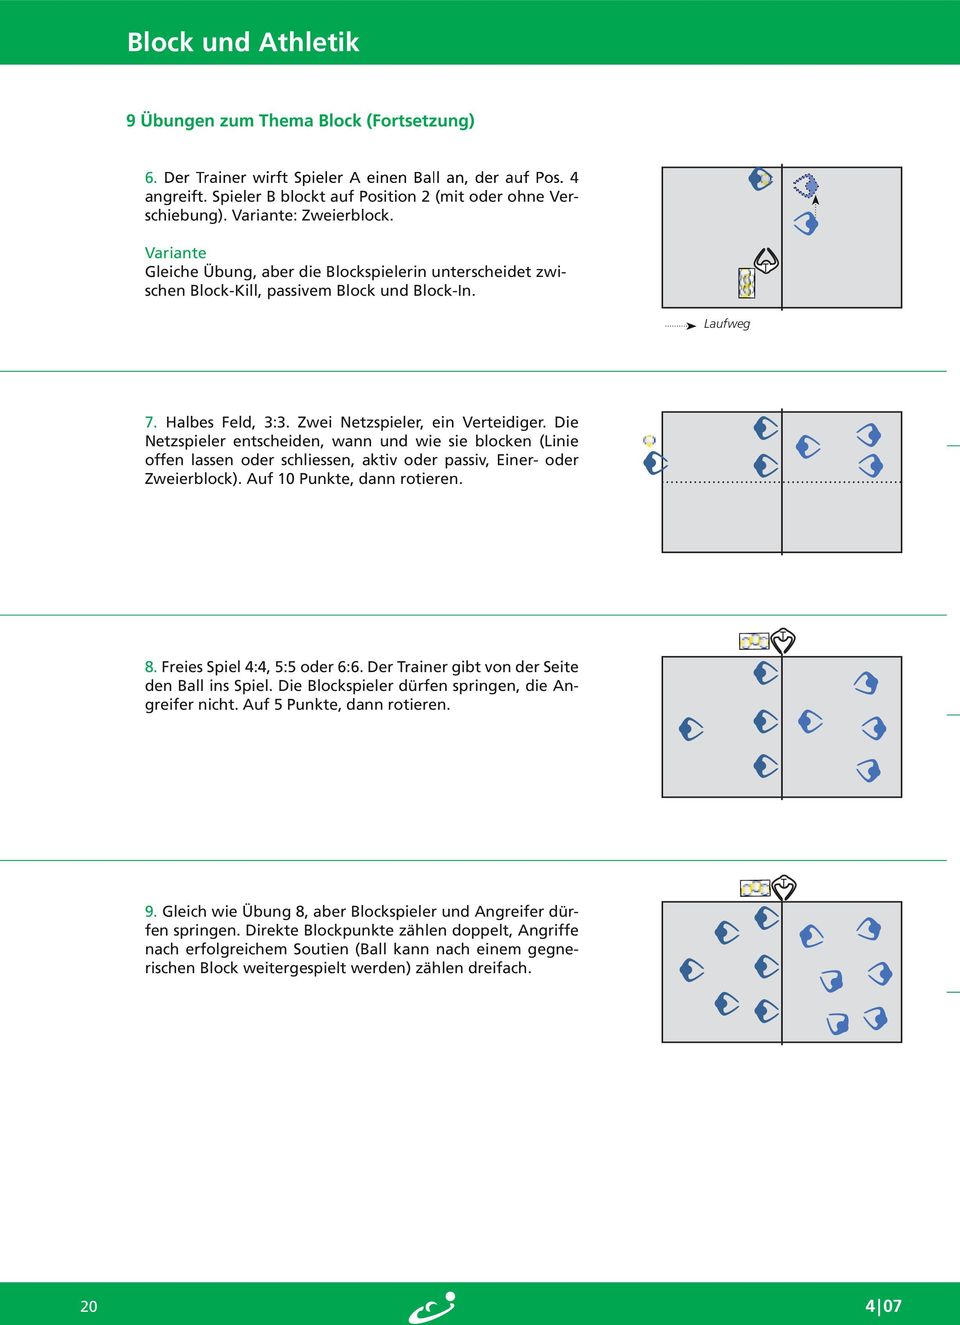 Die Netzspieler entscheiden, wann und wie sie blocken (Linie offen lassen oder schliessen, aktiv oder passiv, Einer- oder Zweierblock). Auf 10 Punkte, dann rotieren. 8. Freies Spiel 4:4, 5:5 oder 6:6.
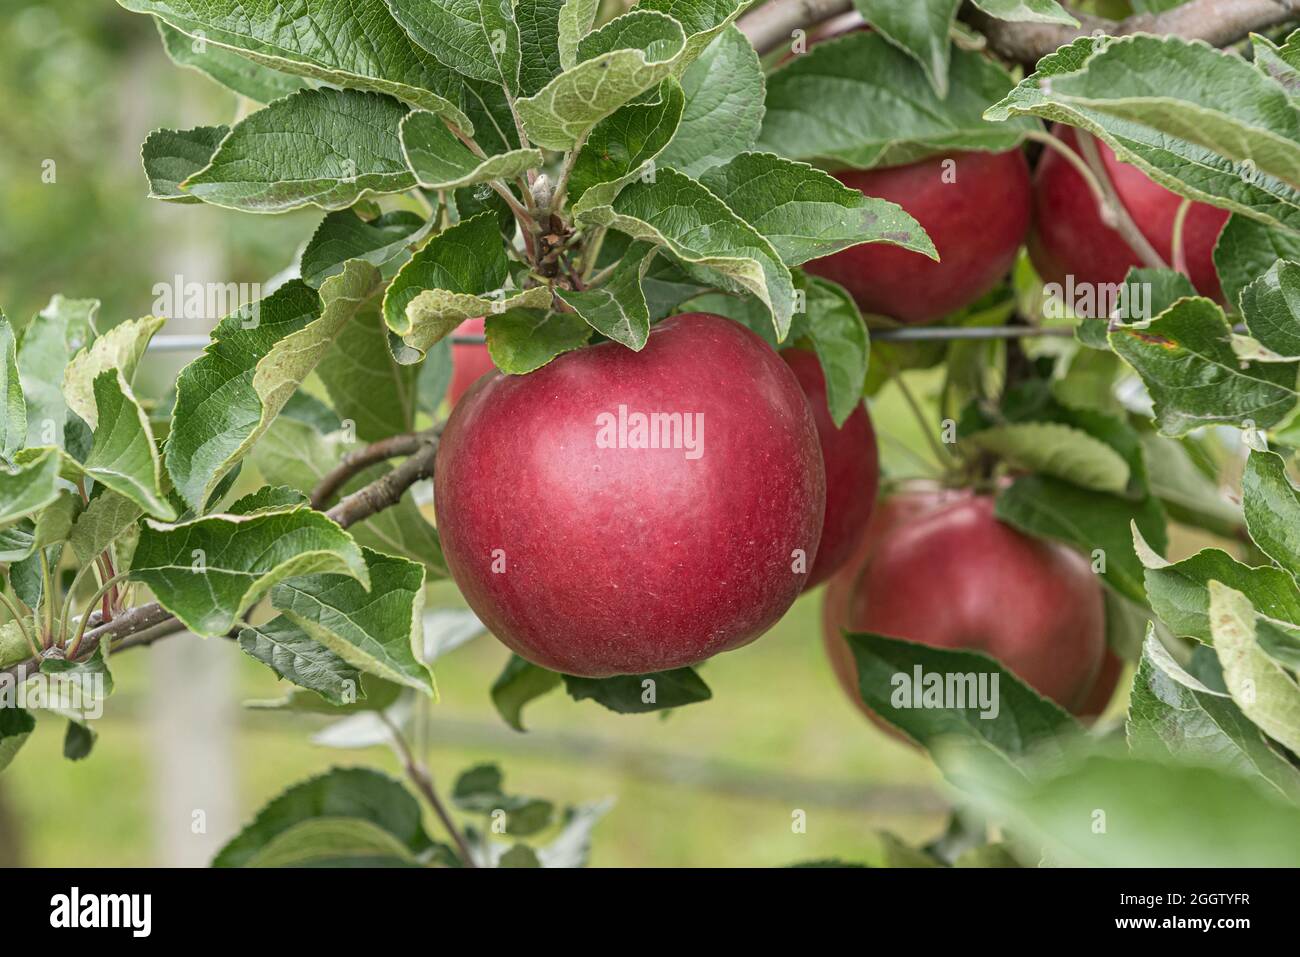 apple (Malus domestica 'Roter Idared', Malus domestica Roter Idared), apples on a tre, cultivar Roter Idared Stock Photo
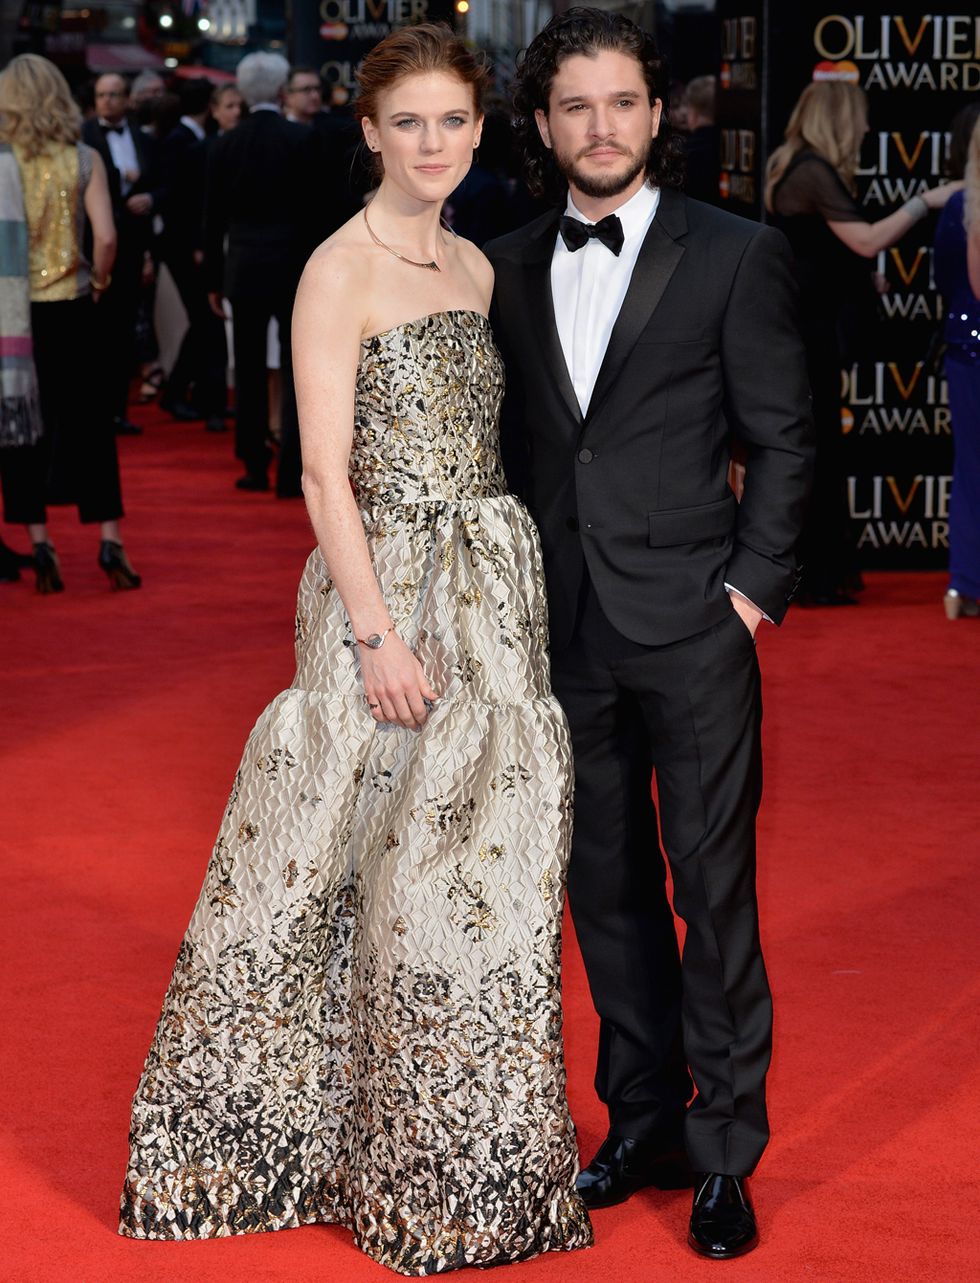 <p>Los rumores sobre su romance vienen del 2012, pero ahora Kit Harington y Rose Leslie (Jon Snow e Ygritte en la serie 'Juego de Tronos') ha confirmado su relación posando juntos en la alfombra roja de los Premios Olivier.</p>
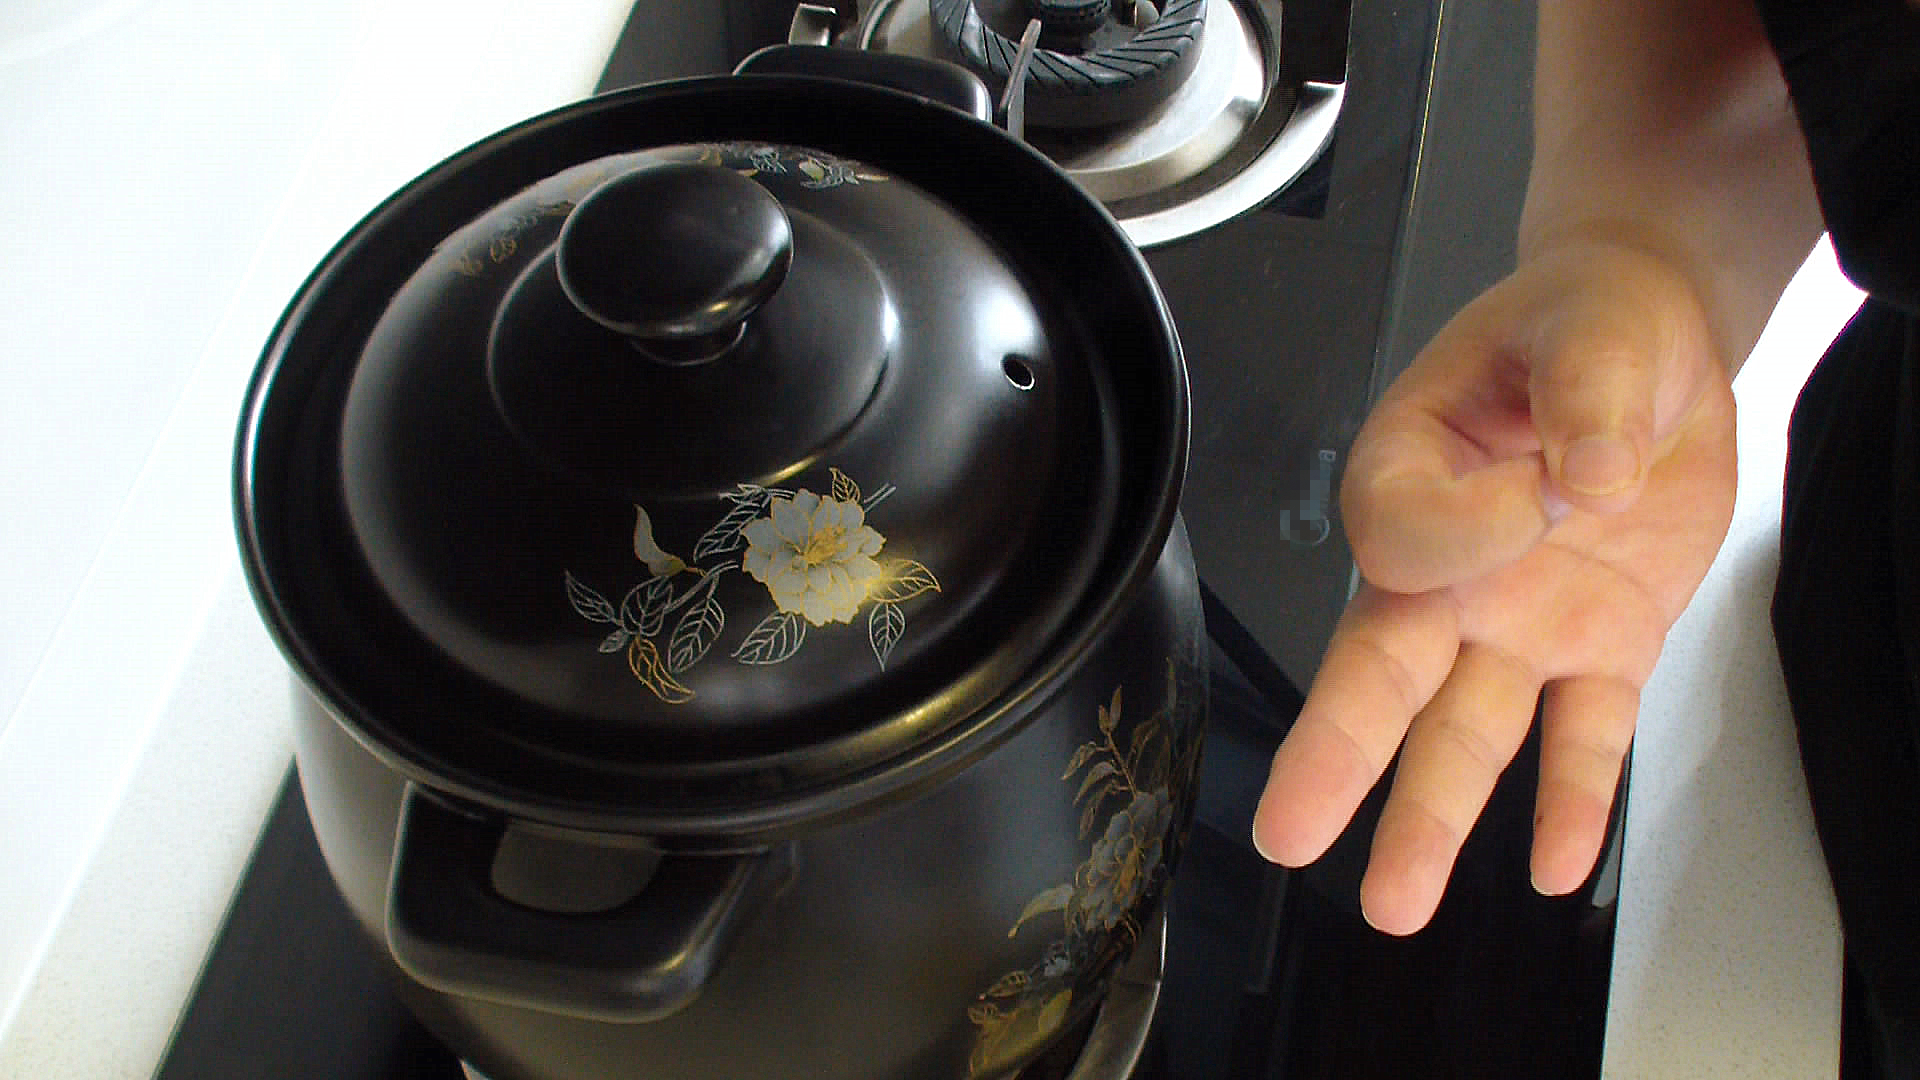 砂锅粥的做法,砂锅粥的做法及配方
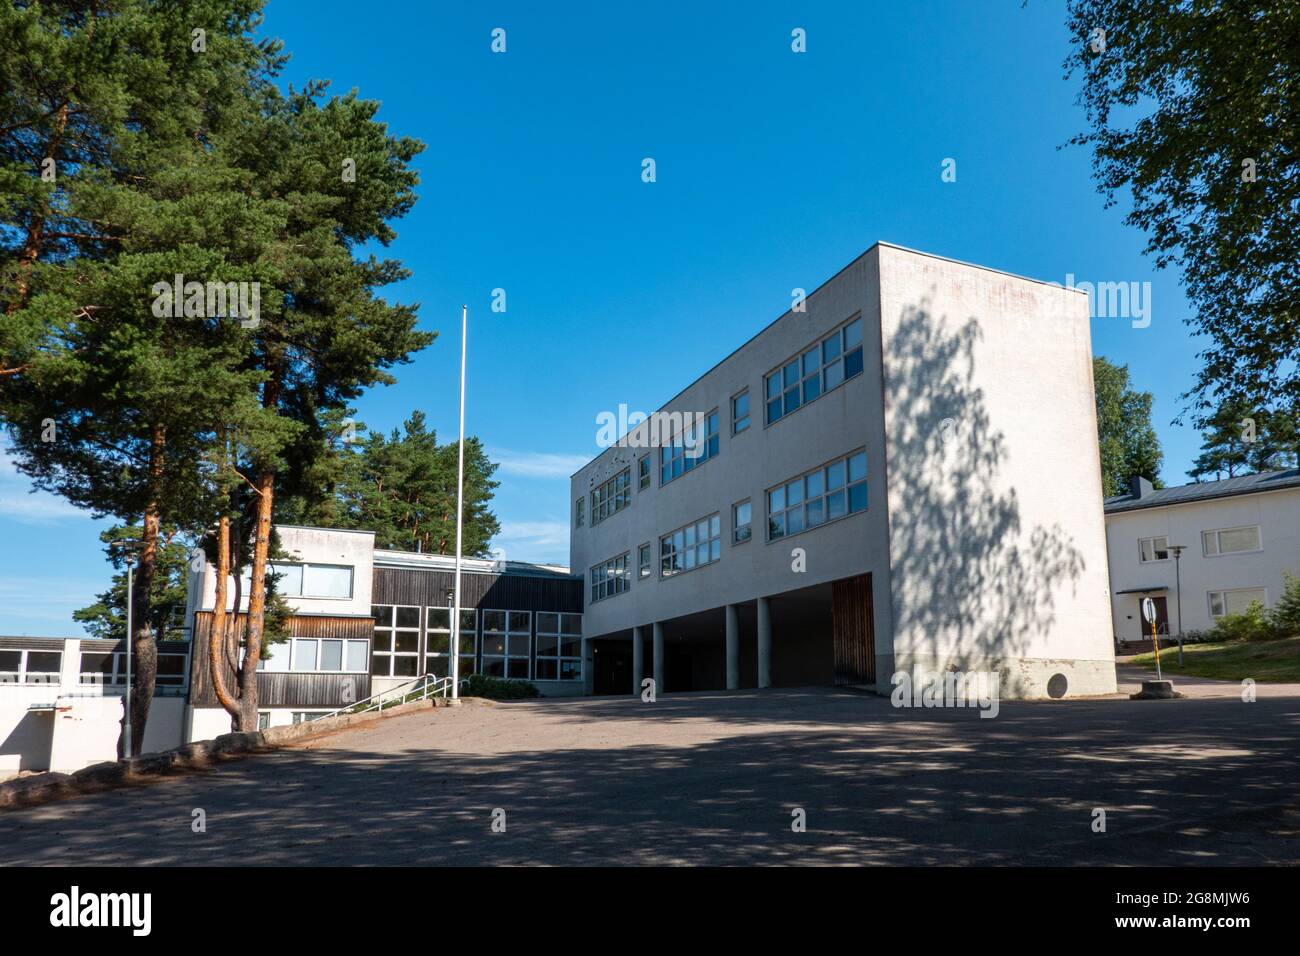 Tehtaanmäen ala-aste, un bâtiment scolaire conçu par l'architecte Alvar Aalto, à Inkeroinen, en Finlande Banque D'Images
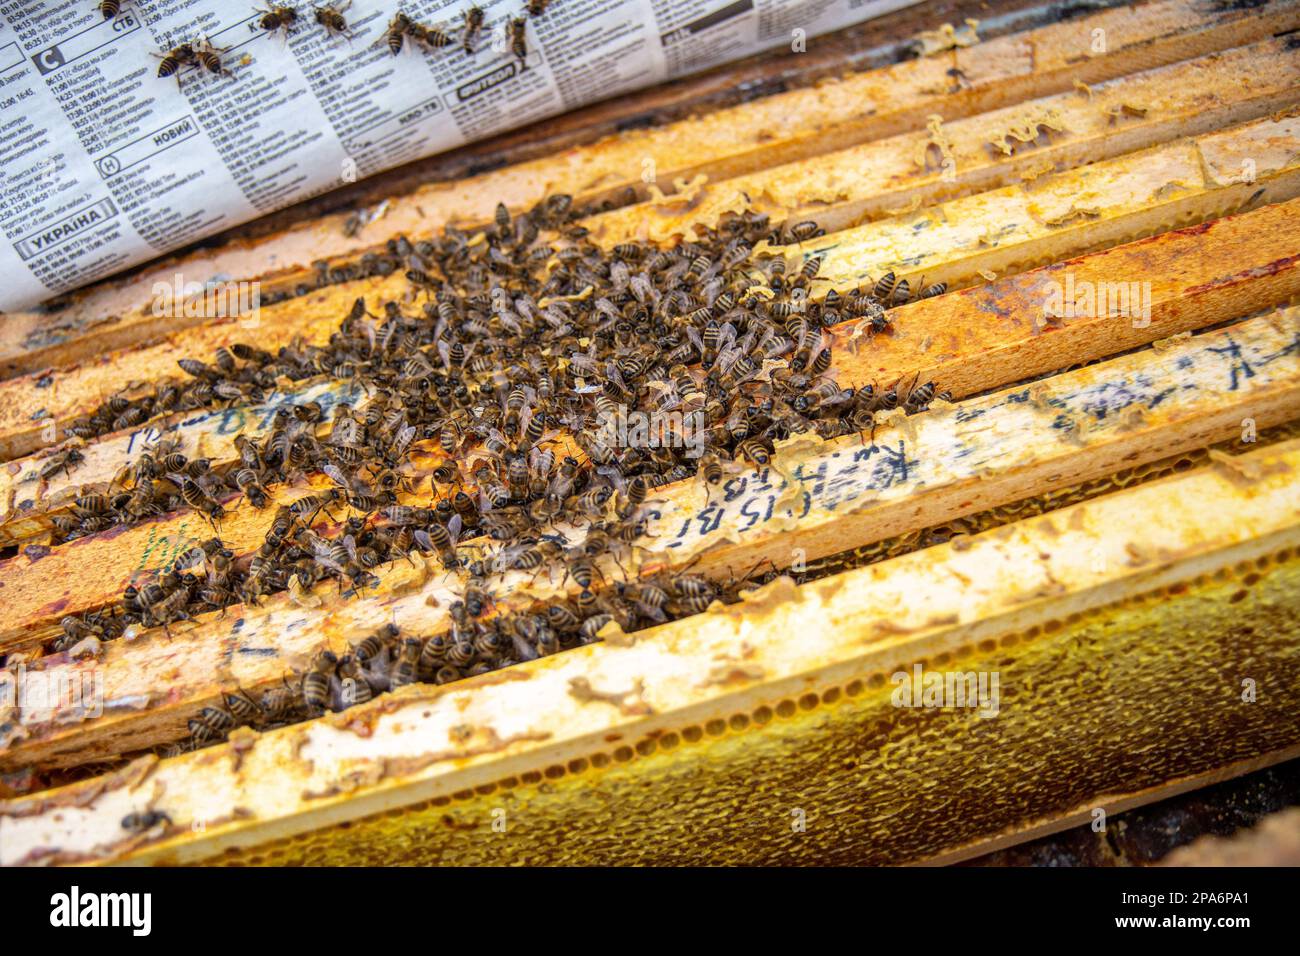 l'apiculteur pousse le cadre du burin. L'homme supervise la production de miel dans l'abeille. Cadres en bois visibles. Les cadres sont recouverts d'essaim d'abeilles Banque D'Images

+-------+

- Work instruction: Pictures are not part of the copy. Reproduce the lines from the one with "Tehtaanmäen ala-aste, un" through the end of the listing above.

- Exercise response:
 Tehtaanmäen ala-aste, un bâtiment scolaire conçu par l'architecte Alvar Aalto, à Inkeroinen, en Finlande Banque D'Images
 l'apiculteur pousse le cadre du burin. L'homme supervise la production de miel dans l'abeille. Cadres en bois visibles. Les cadres sont recouverts d'essaim d'abeilles Banque D'Images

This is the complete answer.